Required action — Could you please reproduce all the records below exactly, leaving out the images?

[Extracted records]
┌──

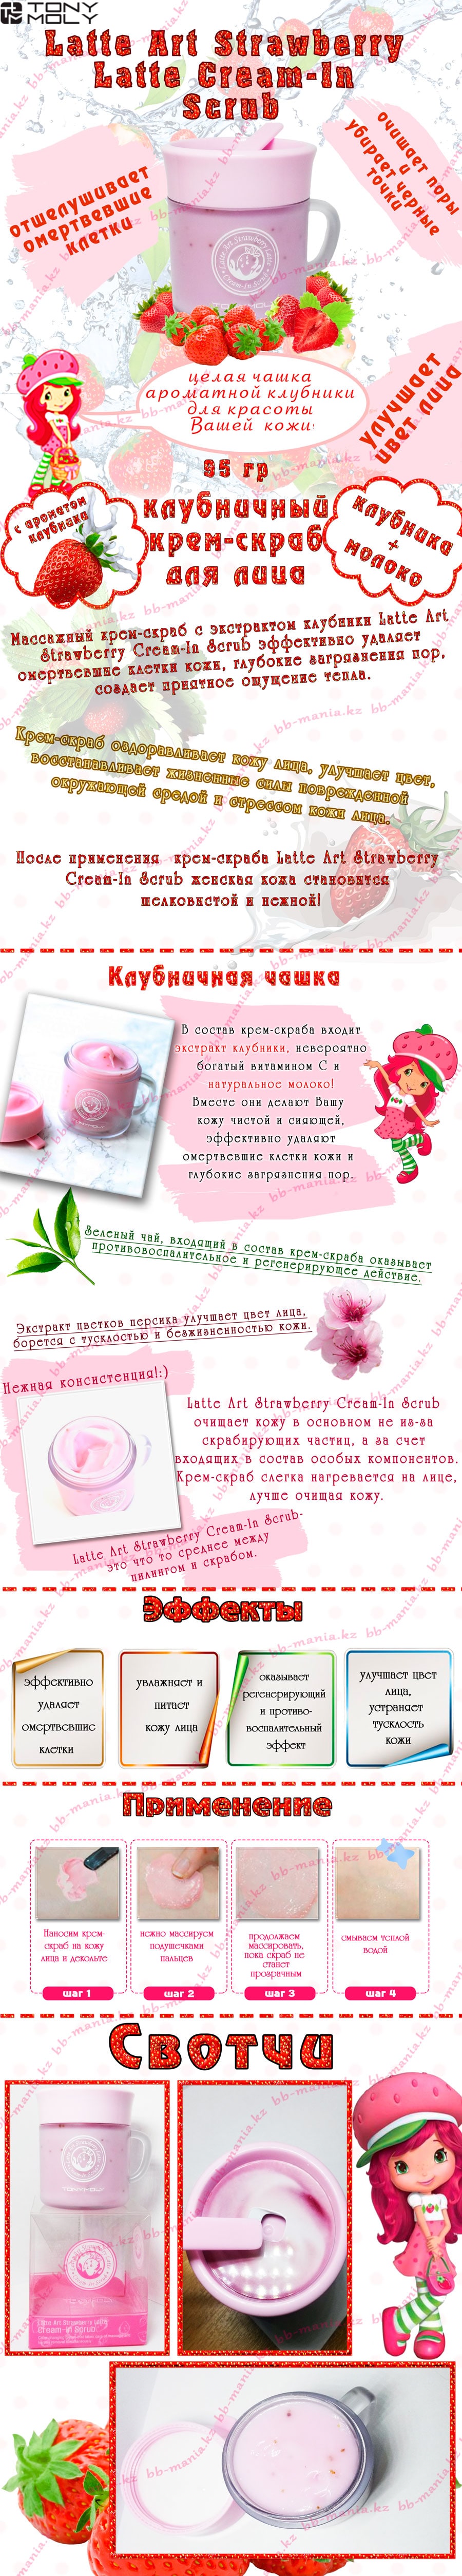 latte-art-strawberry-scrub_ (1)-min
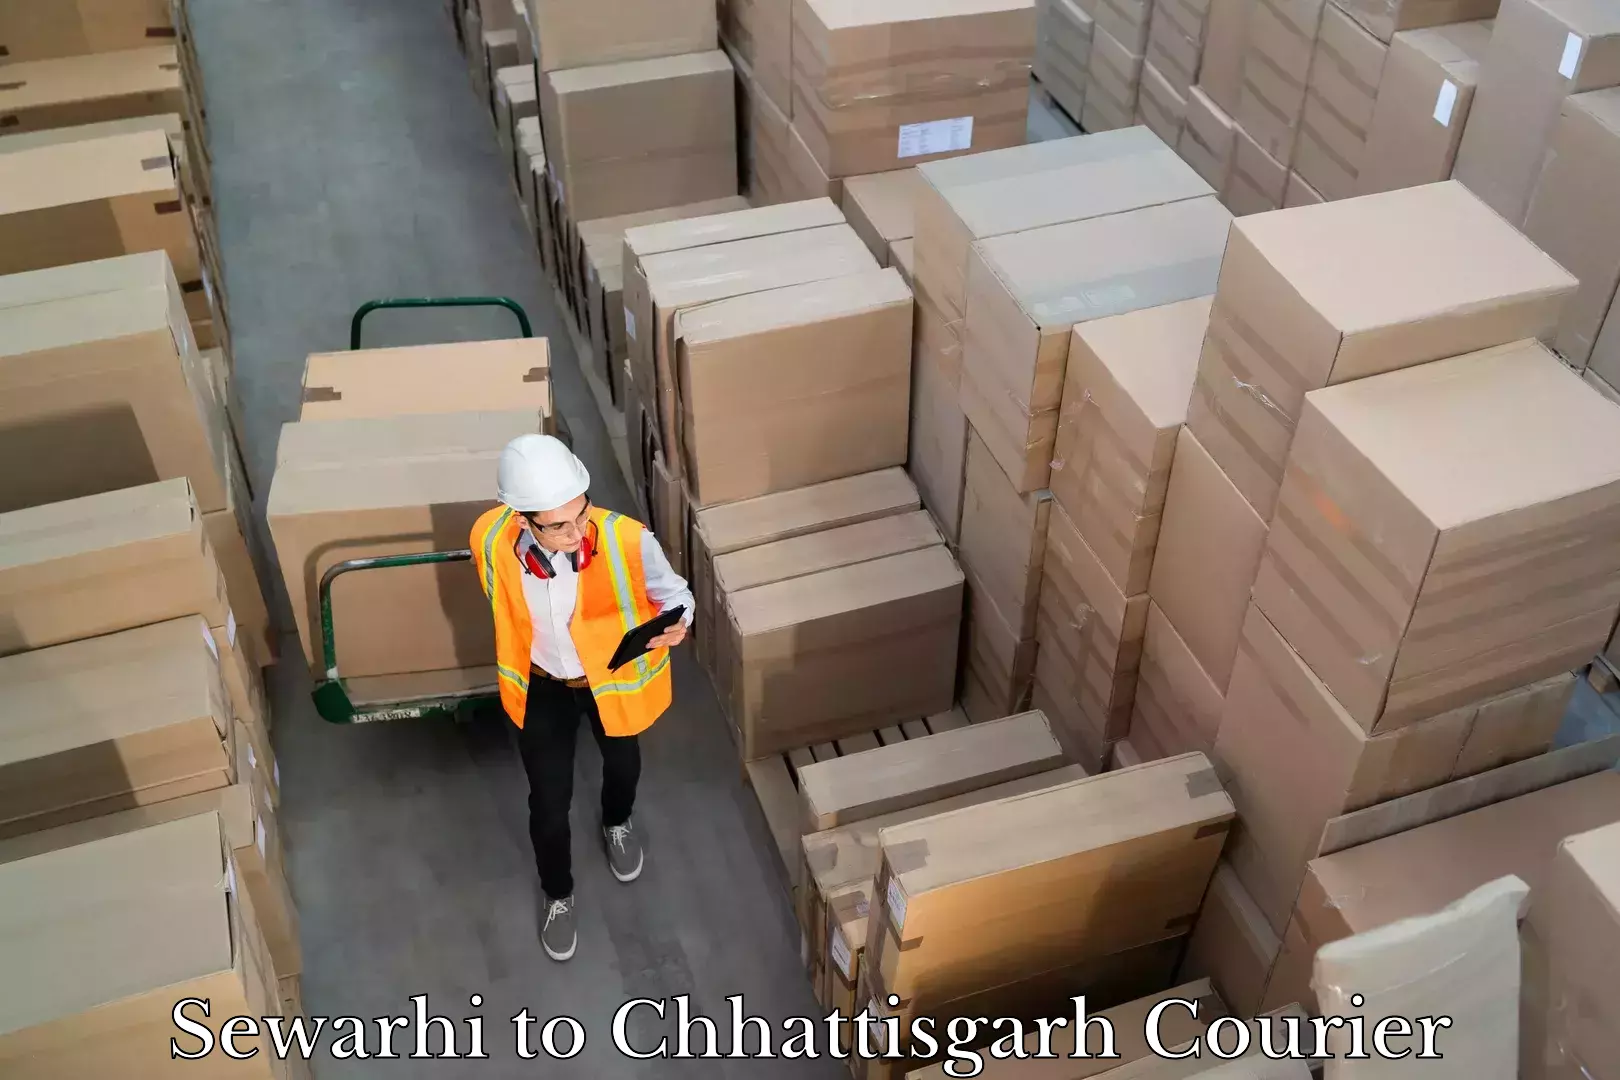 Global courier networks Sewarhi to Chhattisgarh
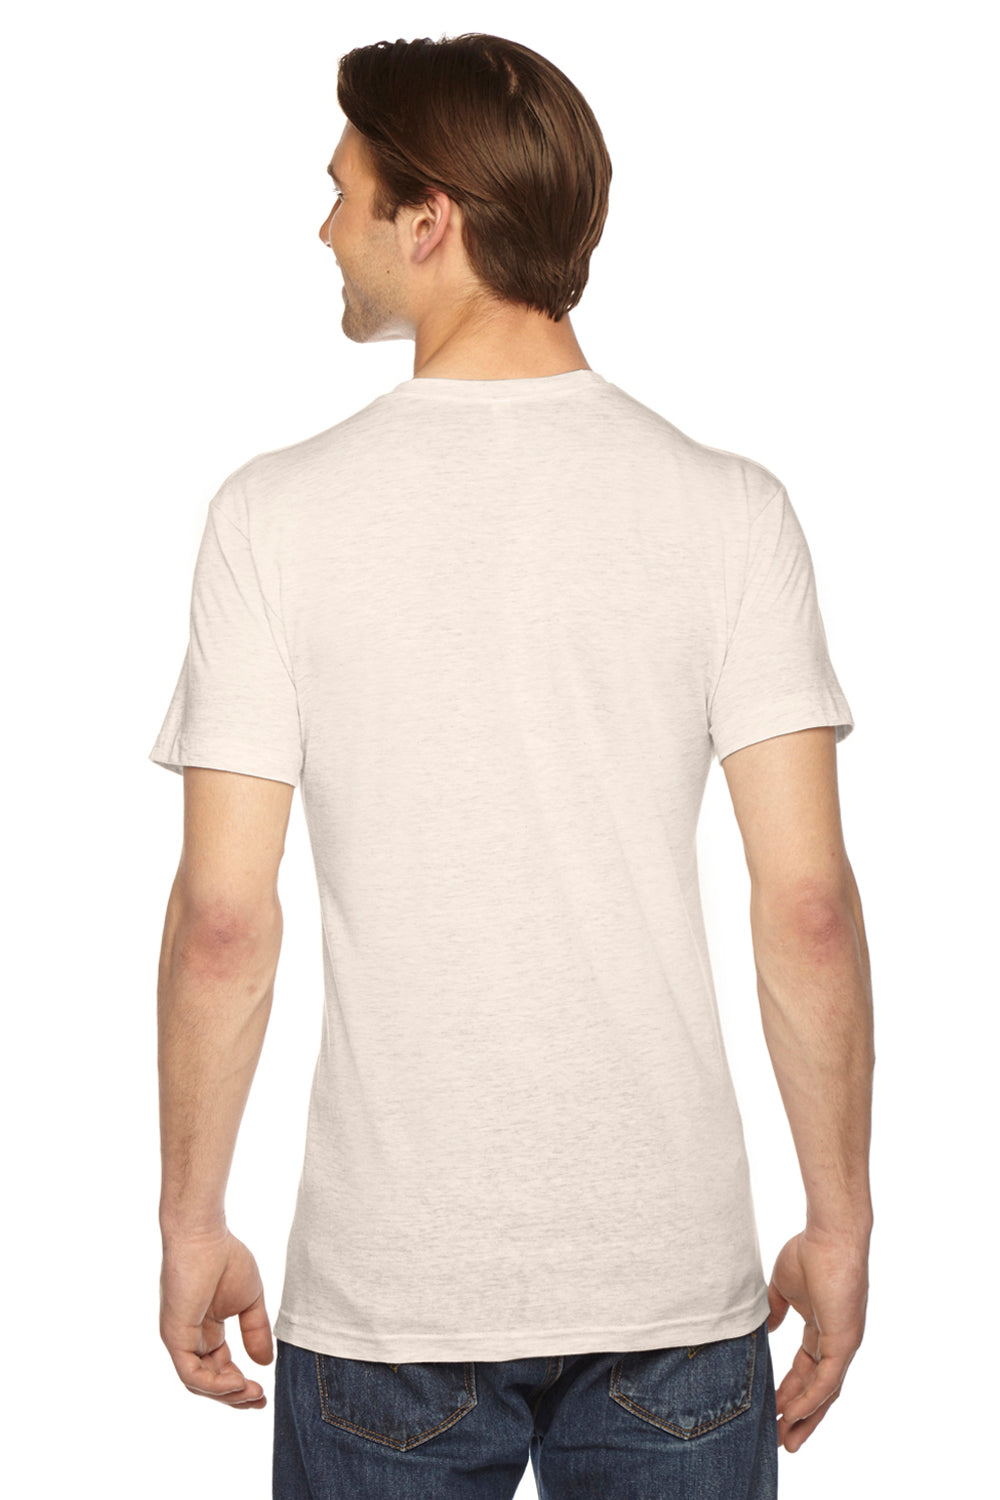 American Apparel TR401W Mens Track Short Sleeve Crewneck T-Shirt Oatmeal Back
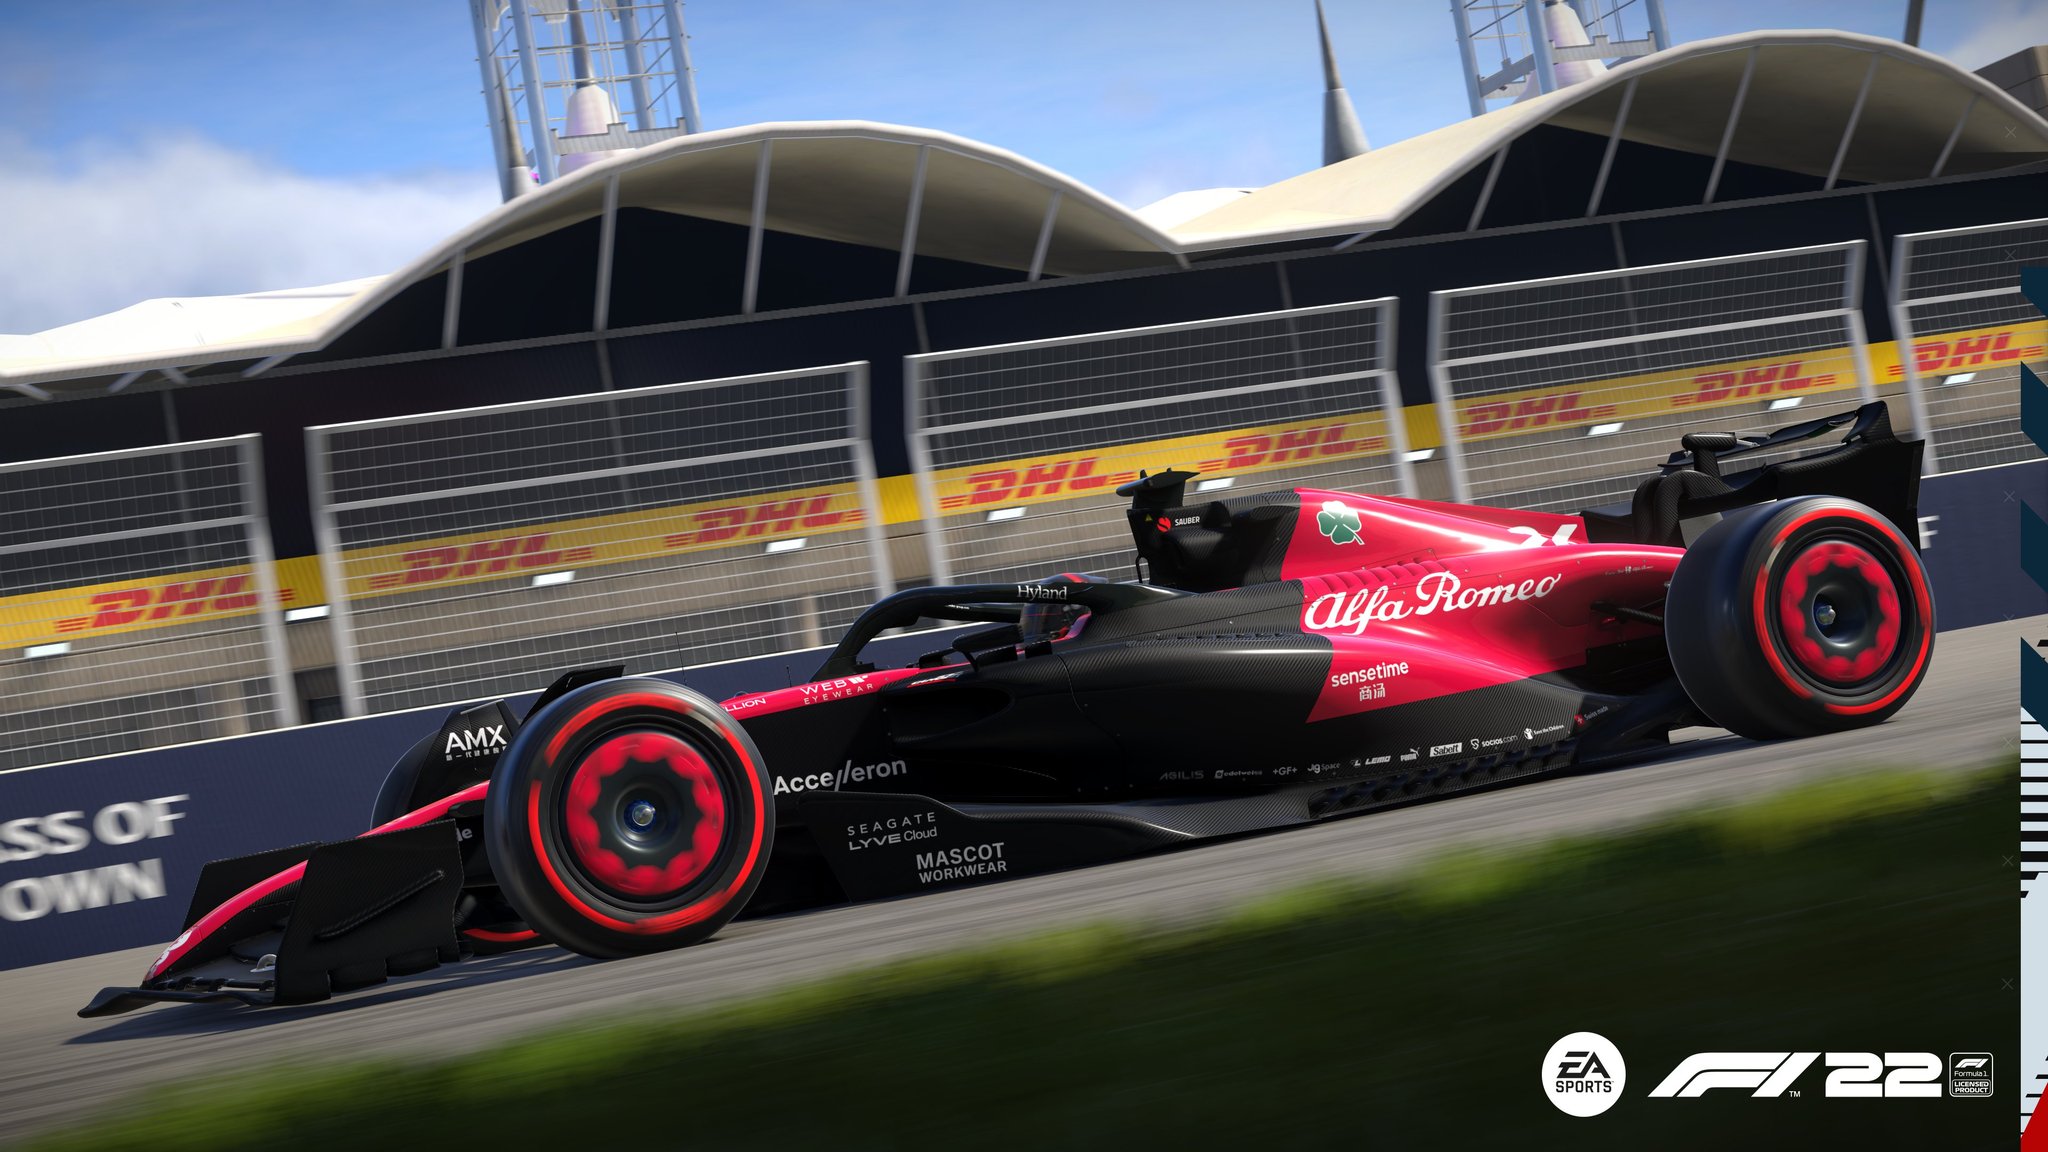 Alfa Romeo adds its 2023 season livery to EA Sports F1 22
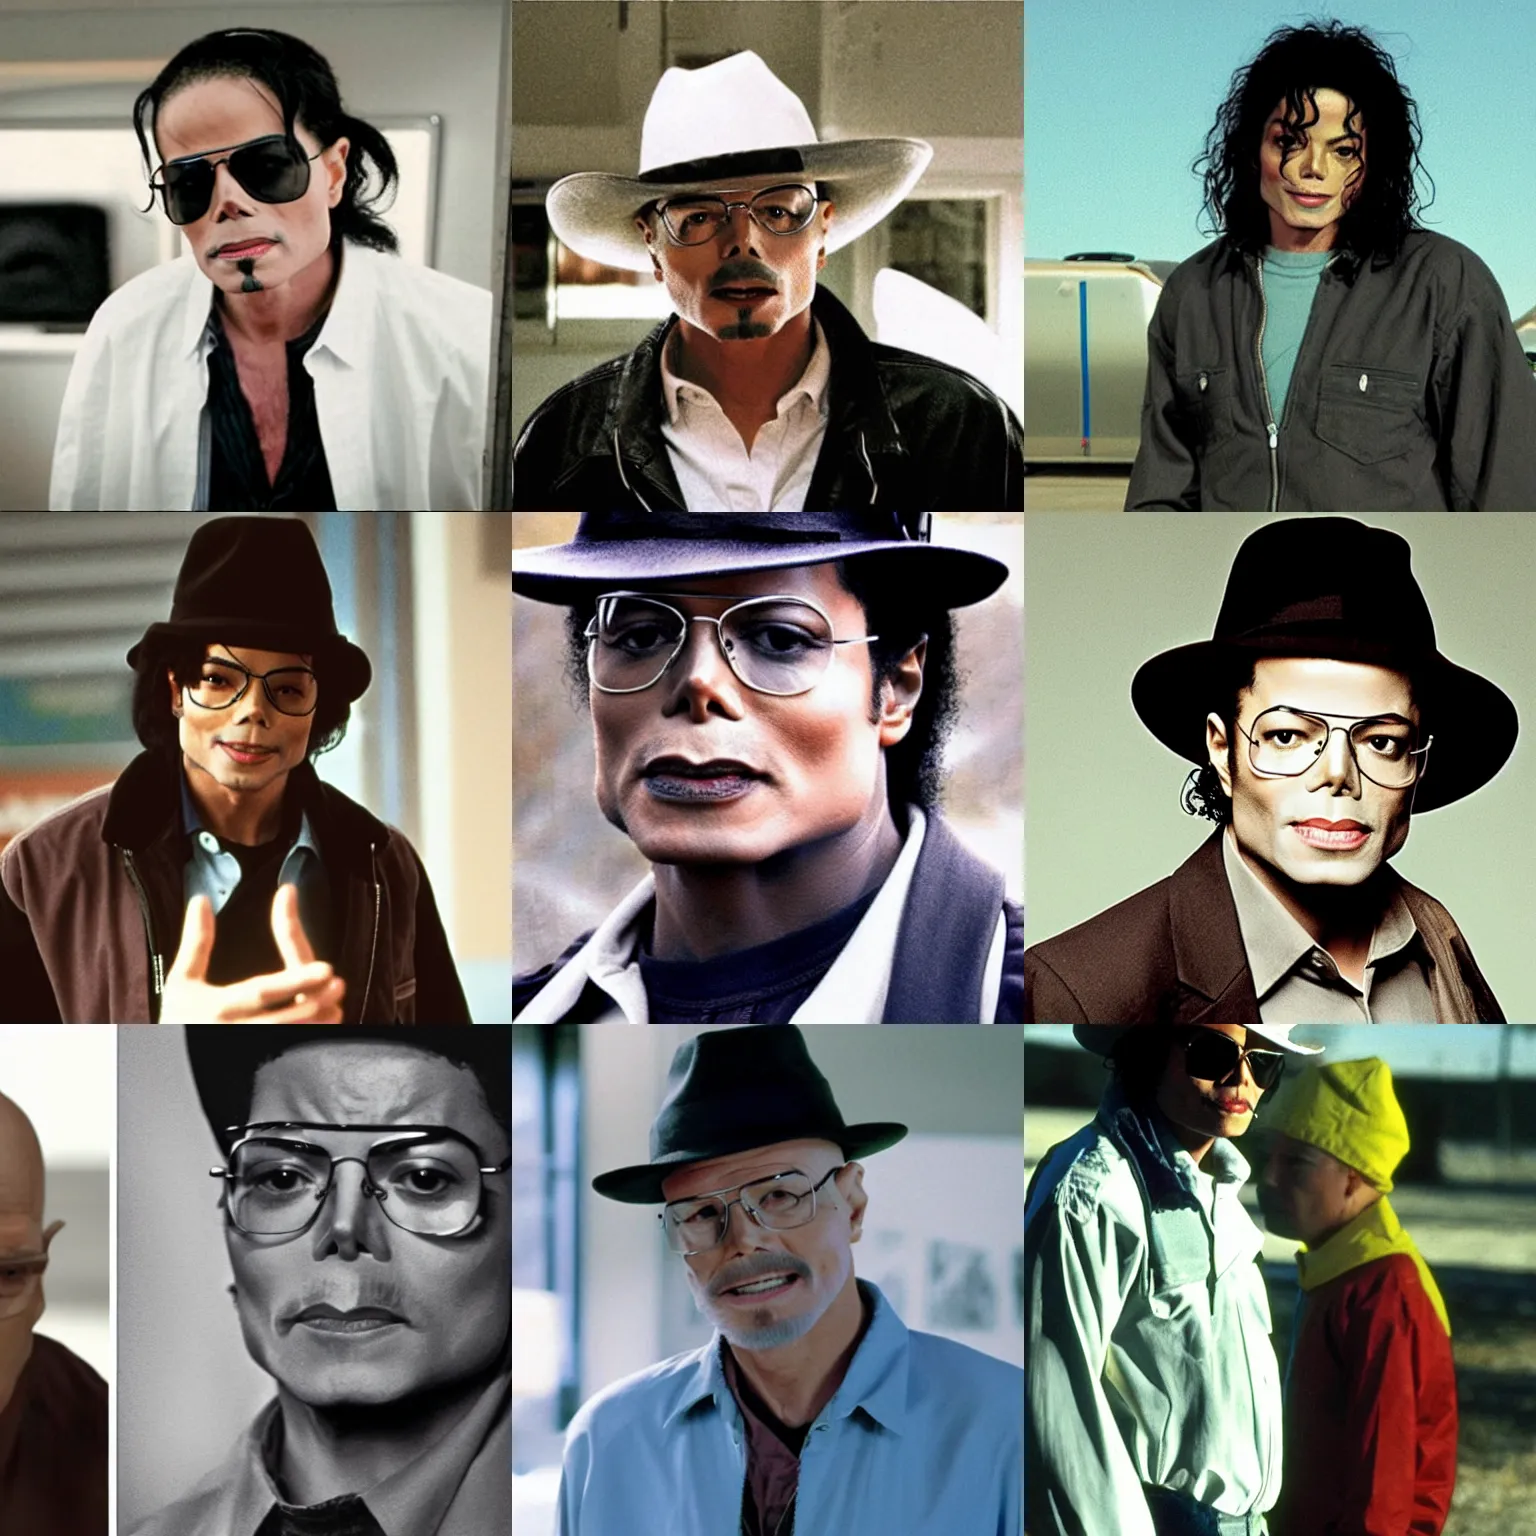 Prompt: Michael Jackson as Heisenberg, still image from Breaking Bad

└──

Solution to the exercise —
 latte-art-strawberry-scrub_ (1)-min
 Global courier networks Sewarhi to Chhattisgarh
 American Apparel TR401W Mens Track Short Sleeve Crewneck T-Shirt Oatmeal Back
 Alfa Romeo adds its 2023 season livery to EA Sports F1 22
 Prompt: Michael Jackson as Heisenberg, still image from Breaking Bad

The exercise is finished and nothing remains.